A California jury on Thursday ordered business software giant Oracle Corp to pay Hewlett Packard Enterprise Co (HPE) US$3.1 billion for backing off a promise to support data servers powered by Itanium chips.
Oracle said it had acted properly in the situation and that it planned to appeal.
“Two trials have now demonstrated clearly that the Itanium chip was nearing end of life, HP knew it and was actively hiding that fact from its customers,” Oracle general counsel Dorian Daley said in a statement. “Five years ago, Oracle made a software development announcement, which accurately reflected the future of the Itanium microprocessor.”
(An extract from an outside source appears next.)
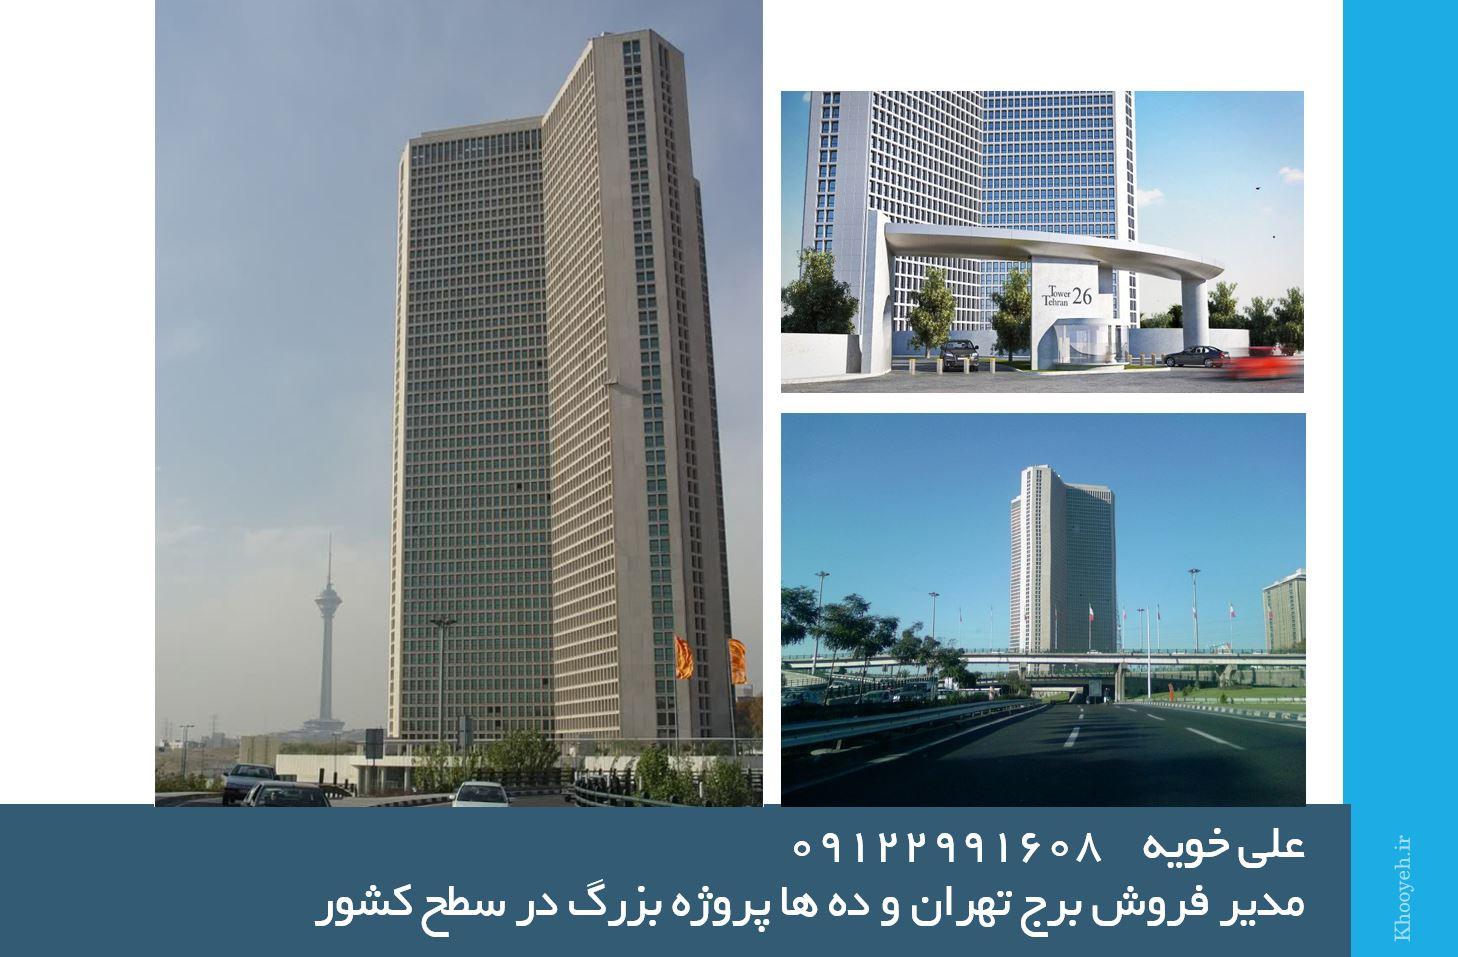 علی خویه 09122991608مدیر فروش برج تهران و ده ها پروژه بزرگ در سطح کشور

HPE argued that Oracle breached a contract when it decided in 2011 to stop offering products running on its servers powered by Itanium chips made by Intel Corp.
Oracle said it never believed it had a contract to indefinitely make its software work on Itanium servers, saying that then-Hewlett-Packard Co and Intel stopped developing the systems years ago.
An initial trial four years ago ended with a state court judge ruling that there had been a contract.
The jury decision on Thursday in a California state court in Silicon Valley focused on damages in the case. The verdict requires Oracle to pay US$3.1 billion in damages to HPE for breach of contract and lack of good faith and fair dealing, HPE said.
HPE has maintained that Oracle was out to get customers to switch to servers from Sun Microsystems, which Oracle bought in 2010.
Daley said that Oracle has been making its software available on Itanium servers since that judge’s ruling.